Leadership In Sustainability
Photo: William Bossen
Reaching Net Zero: How Embracing the Squiggle Can Help Us Succeed
The last four years have been the hottest on record, and winter temperatures in the Arctic have risen by 3°C since 1990. Sea levels are rising, coral reefs are dying, and we are starting to see the life-threatening impact of climate change on health, through air pollution, heatwaves and food shortages. With the drama that has unfolded following the UN Climate Action Summit this September due to weak commitments to curb climate change by the world’s biggest emitters, many feel frustrated by the inactions of global leaders. Here in Longwood, we take solace in the knowledge that our institutions are actively addressing global warming with powerful leadership and a commitment to open communication.

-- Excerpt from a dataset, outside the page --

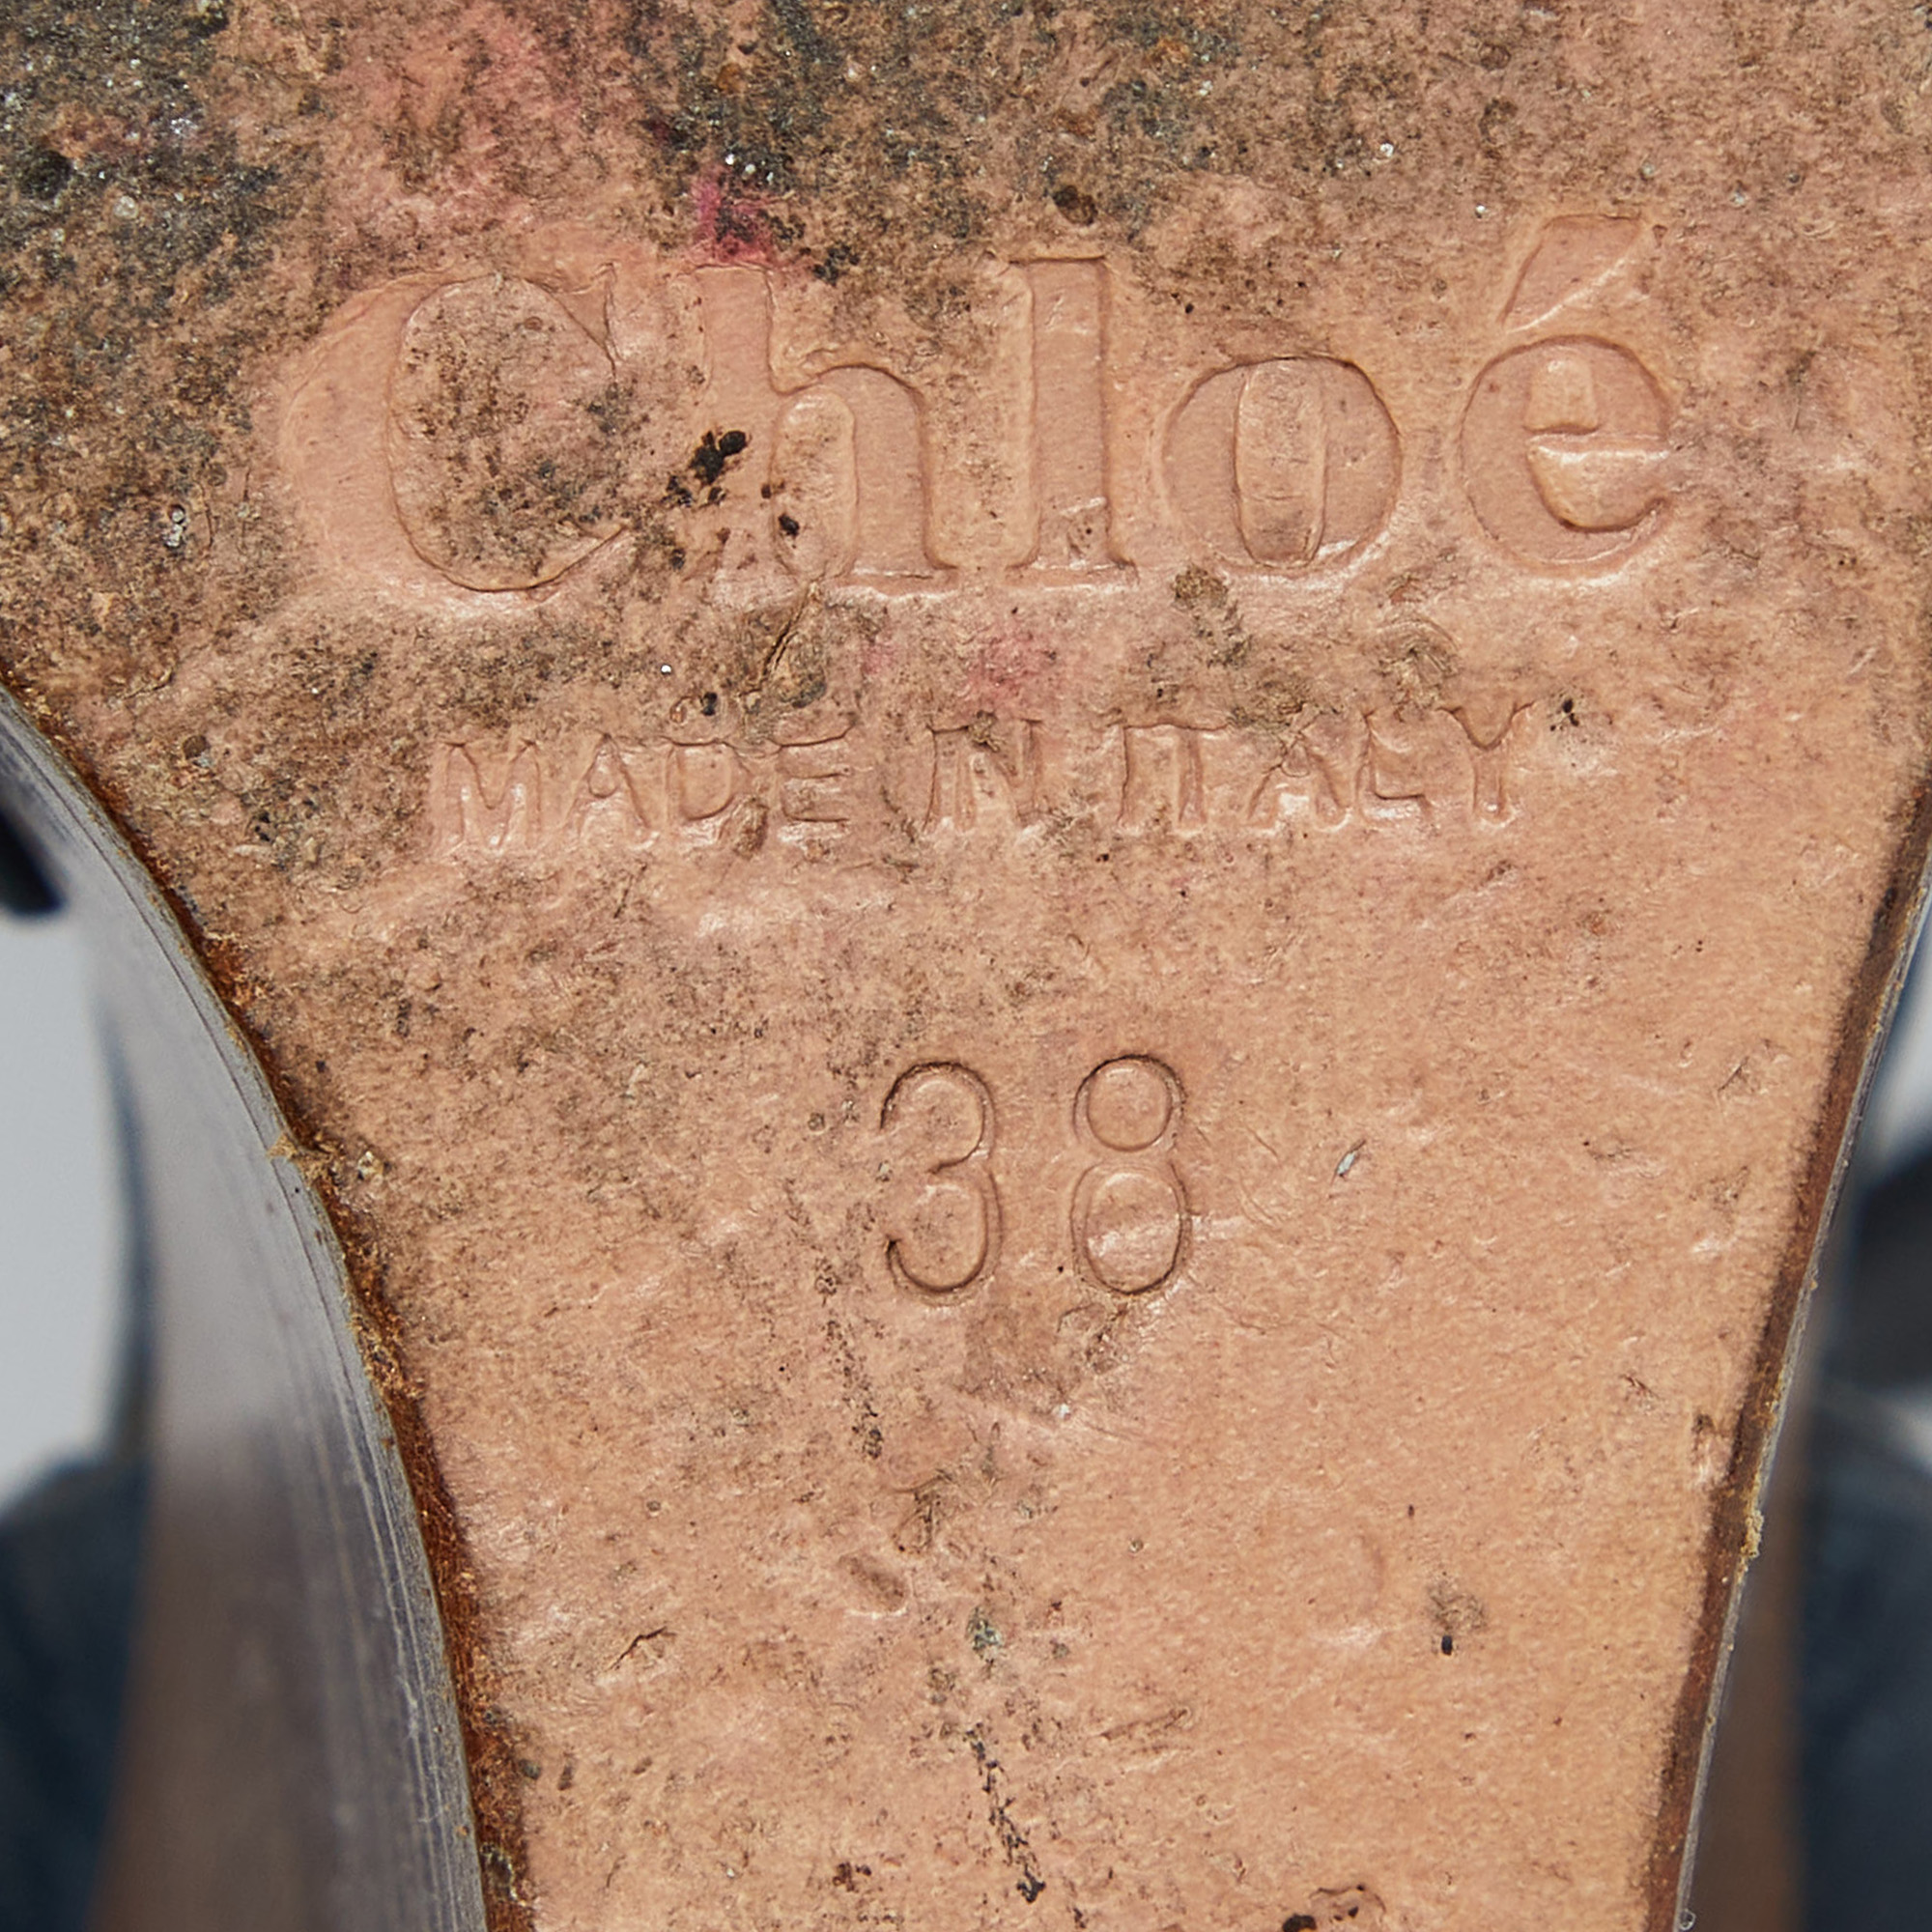 Chloe Navy Blue Leather Buckle Detail Wedge Platform Ankle Wrap Sandals Size 38

A Longwood Leadership Forum
Thirty people attended the MASCO Leadership Forum on September, 9th, 2019, at BIDMC, including members’ vice presidents, directors, and managers. Leith Sharp, Director and Lead Faculty of the Executive Education for Sustainability Leadership at Harvard’s Center for Health and the Global Environment, presented a powerful new model for positioning sustainability as a driver of innovation, agility and organizational design. She stated that this management model has already been validated by a variety of representatives from business, government, nonprofit and higher education on an international scale.
Embracing the Squiggle
Ms. Sharp shared a number of personal anecdotes as examples of how agile leaders can toggle between hierarchical systems, the more traditional top-down leadership, and adaptive networking, or leadership that adapts to the current environment to find sustainable solutions faster. This management technique can be used to generate new solutions “with leadership setting the bumpers,” to streamline process, find, implement and scale solutions faster, and do so with a compelling sense of shared purpose. Several members are already planning to apply their new-found perspective and knowledge to evaluate how they may improve their organizational flow to find and scale sustainable solutions. In mapping this oscillation she explained the need to embrace “the squiggle” or the messy multi-tiered process of creating and developing sustainable solutions; in other words, sustainable change is never a straight shot, but a succession of failures and wins.
Image: Leith Sharp
How many years to change a light bulb…
The “official story” we tell each other about creating sustainable solutions is not really that easy, according to Ms. Sharp based on thousands of test cases. Ms. Sharp used the example of Harvard’s switching to LED light bulbs - a process that took “three months of constant facilitation by the change management team” - and ultimately three years to complete. “We need to do a better job of telling the real story,” she said. People become demoralized when they think they are the only ones having difficulty. Making real substantive change is genuinely difficult in large organizations and requires agile leadership to know when to use certain approaches and how to create the right environment, or ‘vibe’, to inspire teams to work to their most invested, fullest potential.
Failing Forward, Finding Solutions
Adaptive networks need a sense of shared purpose and a psychologically safe environment in which new ideas can be shared openly. As leaders create these environments and learn when to employ each leadership approach, design thinking can be used to “reduce friction and increase flow,” which enables the best ideas to scale up more quickly. Ms. Sharp explained that an honest “official story” is not a simple linear progression to find and implement solutions; in the best circumstances there is oscillation, the ability to “fail forward,” and a shared language and positive felt experience.
MASCO will work with its member sustainability leaders in its committees to continue testing pilot programs to find and ultimately achieve sustainable solutions.